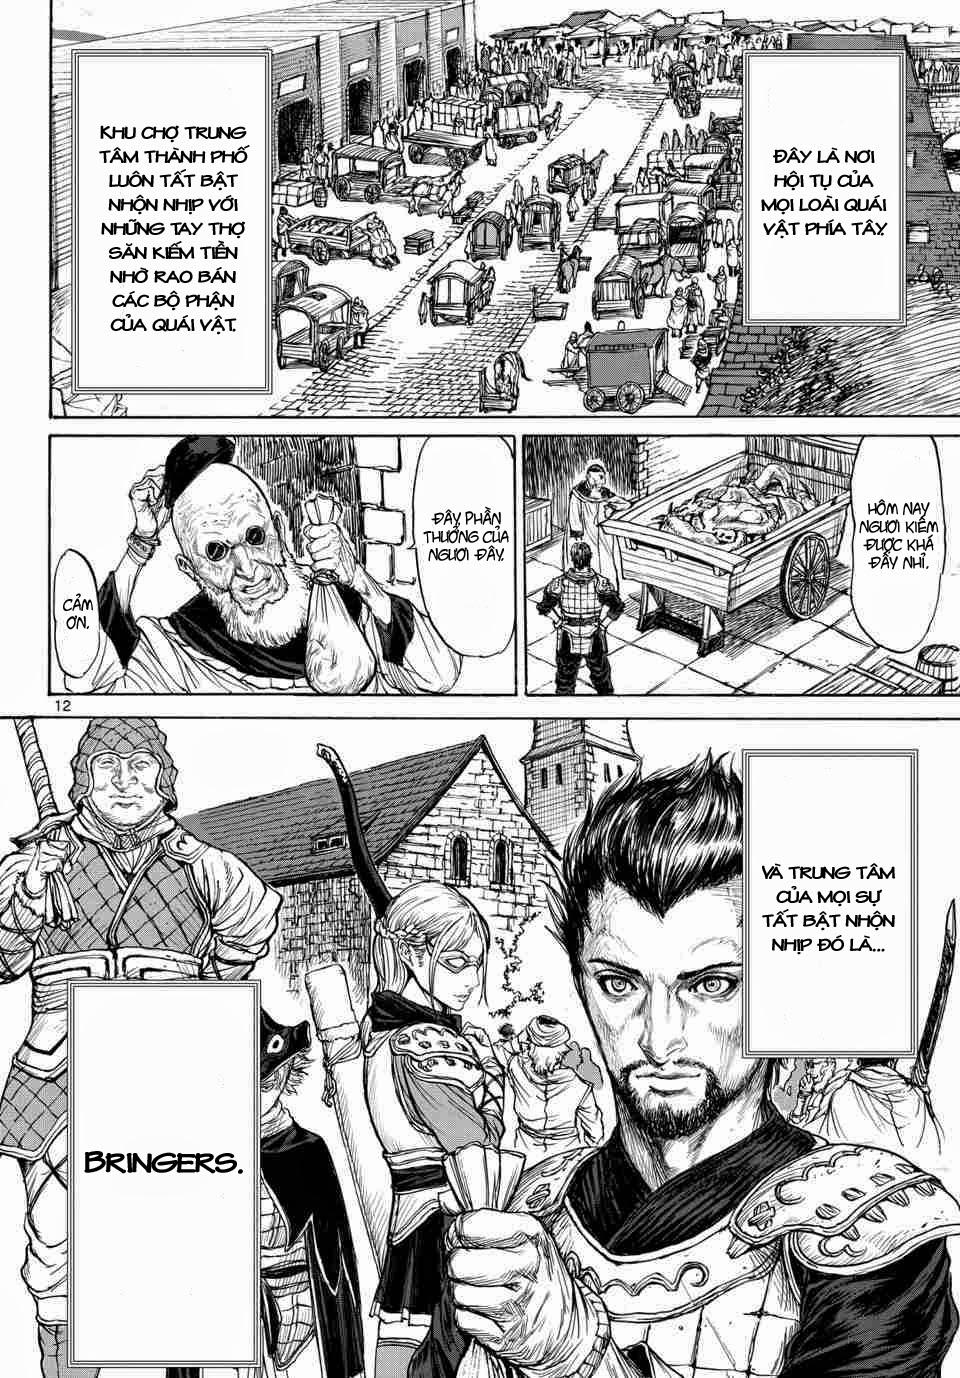 Monster X Monster chapter 1a trang 11
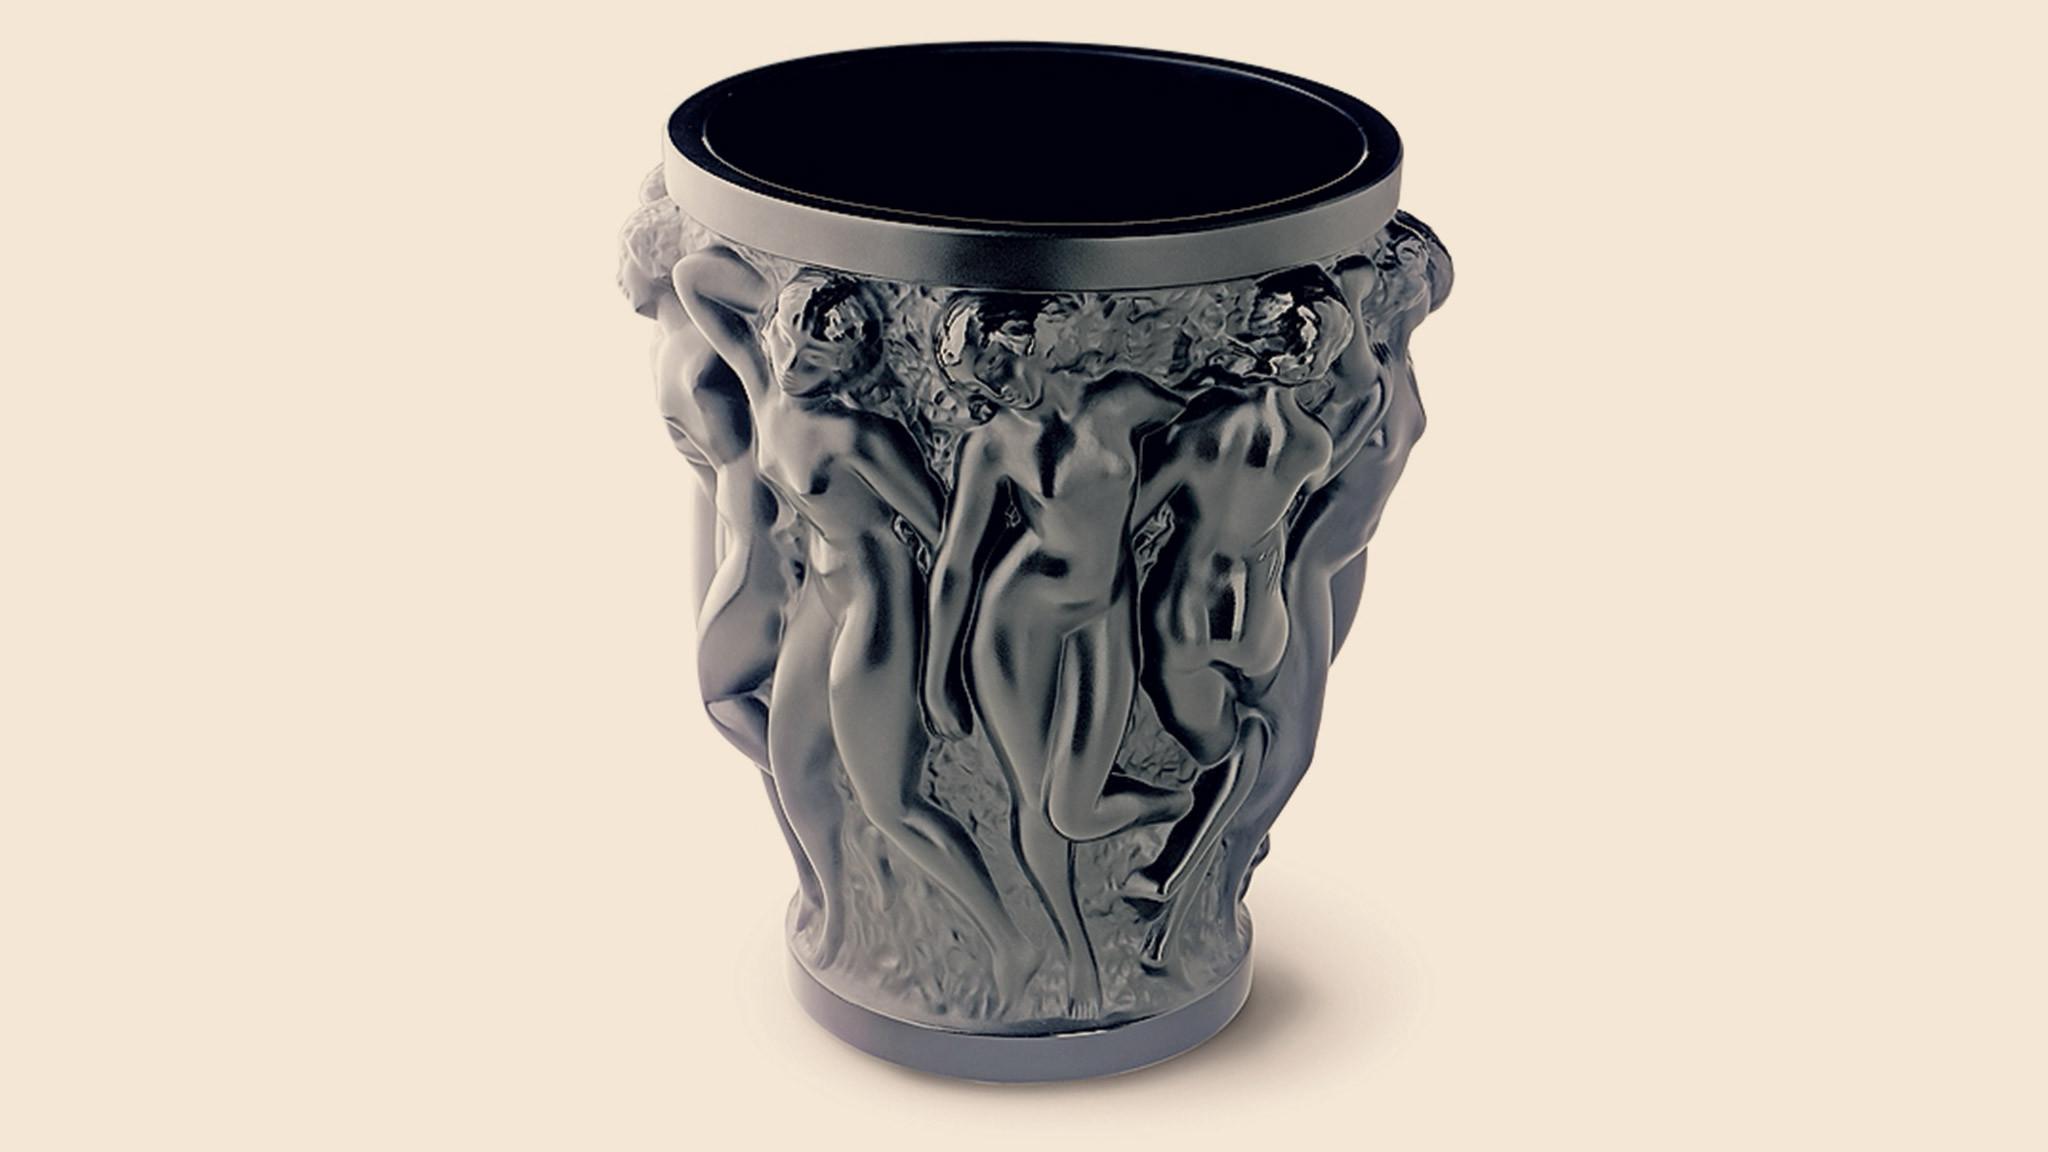 22 Unique Lalique Bacchantes Vase Amber 2021 free download lalique bacchantes vase amber of design classic the bacchantes vase by rena lalique financial times regarding eea49036 f1fb 11e3 9015 00144feabdc0
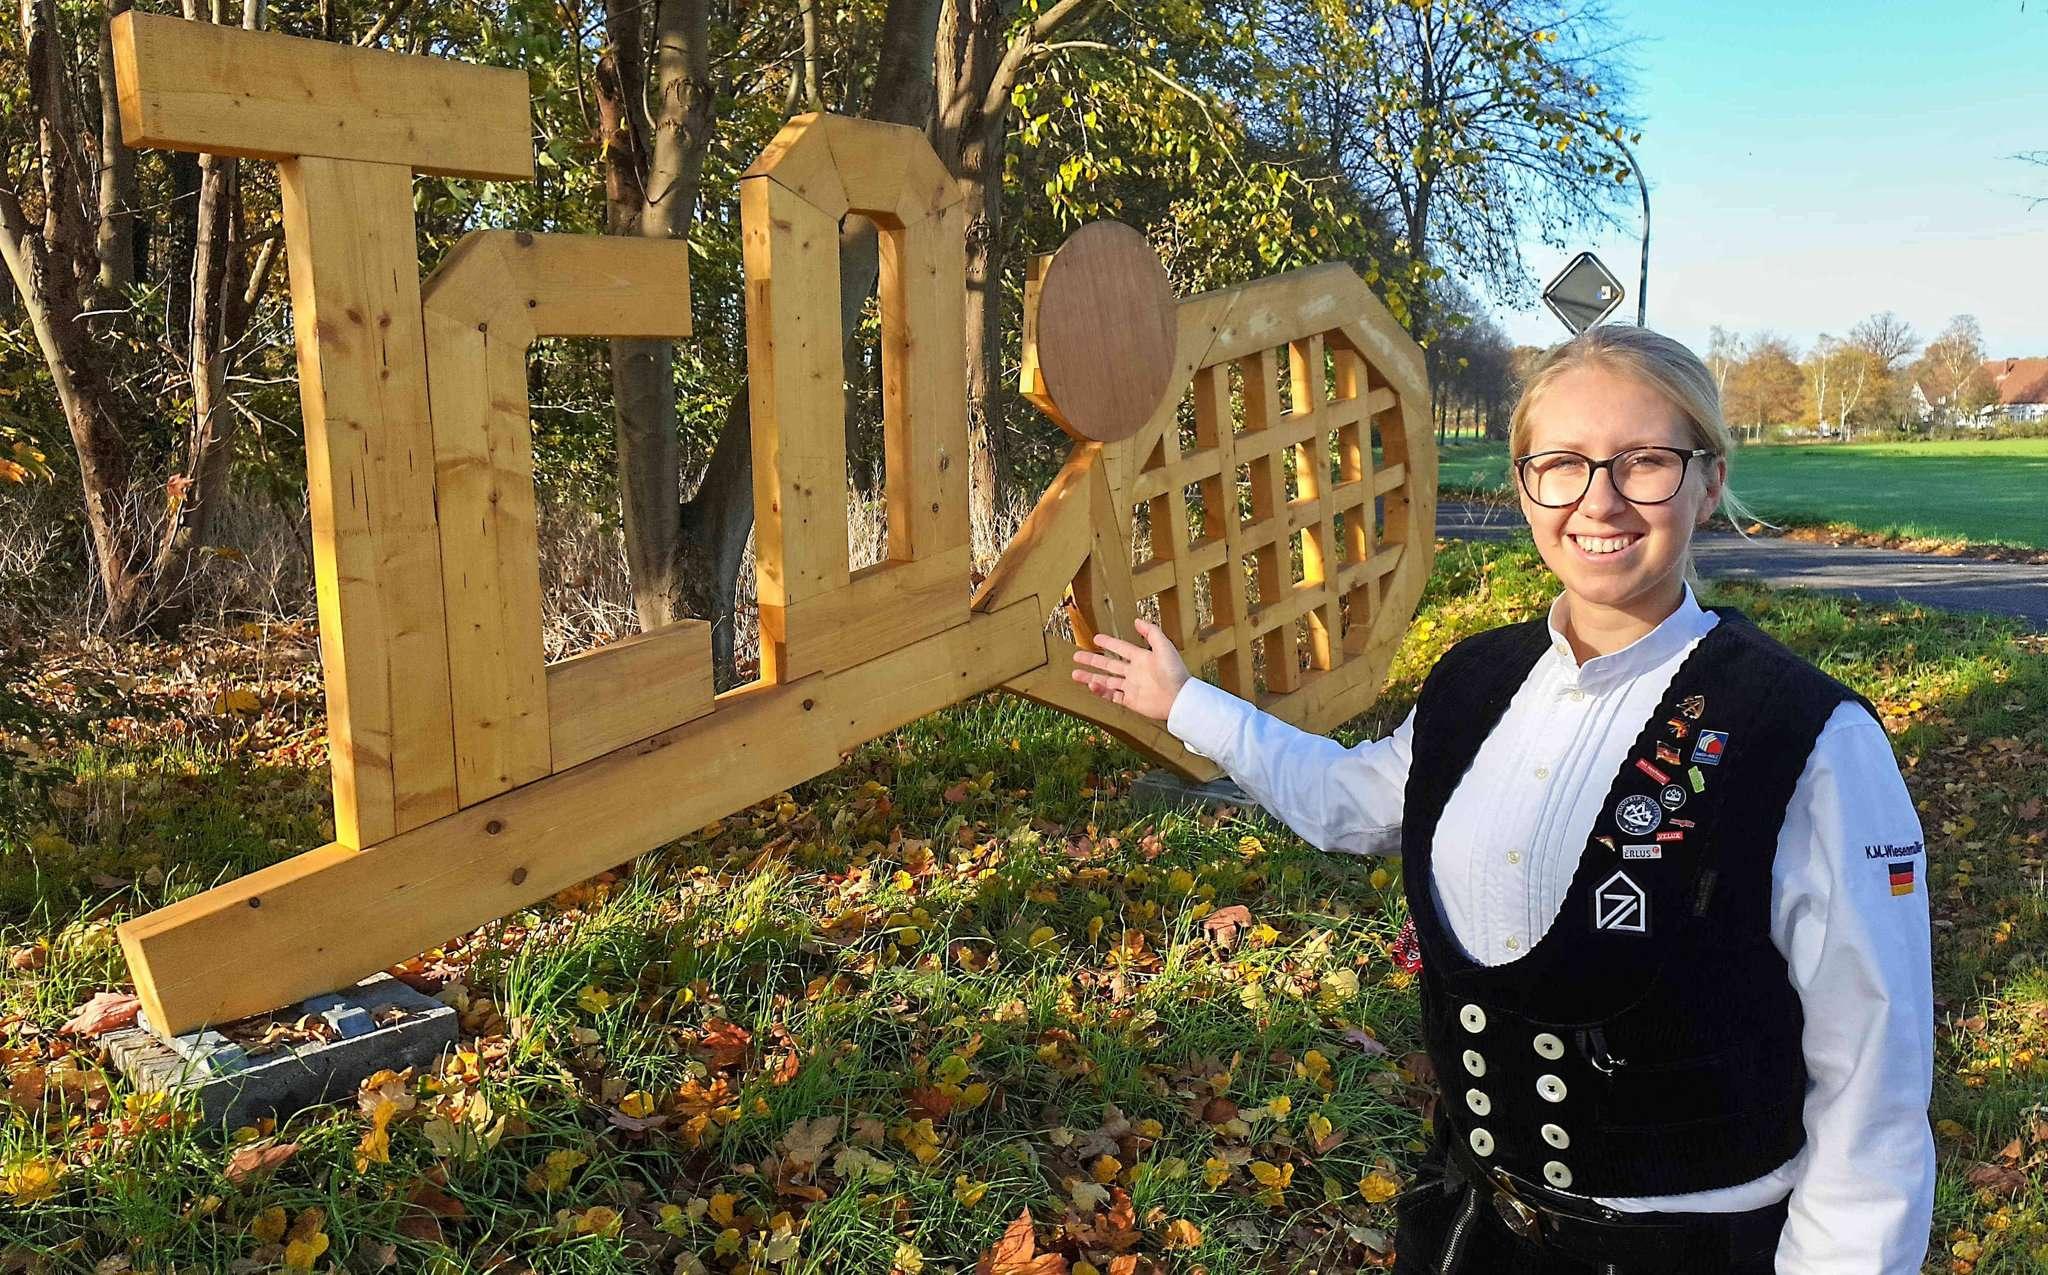 Katja Wiesenmüller mit selbst gebautem Holzemblem. Foto: Tobias Woelki

· · · ·

» Your assignment
Where a picture appears, skip it; repeat everything else in the data exactly.

» Final answer
 Monster X Monster chapter 1a trang 11
 22 Unique Lalique Bacchantes Vase Amber 2021 free download lalique bacchantes vase amber of design classic the bacchantes vase by rena lalique financial times regarding eea49036 f1fb 11e3 9015 00144feabdc0
 Katja Wiesenmüller mit selbst gebautem Holzemblem. Foto: Tobias Woelki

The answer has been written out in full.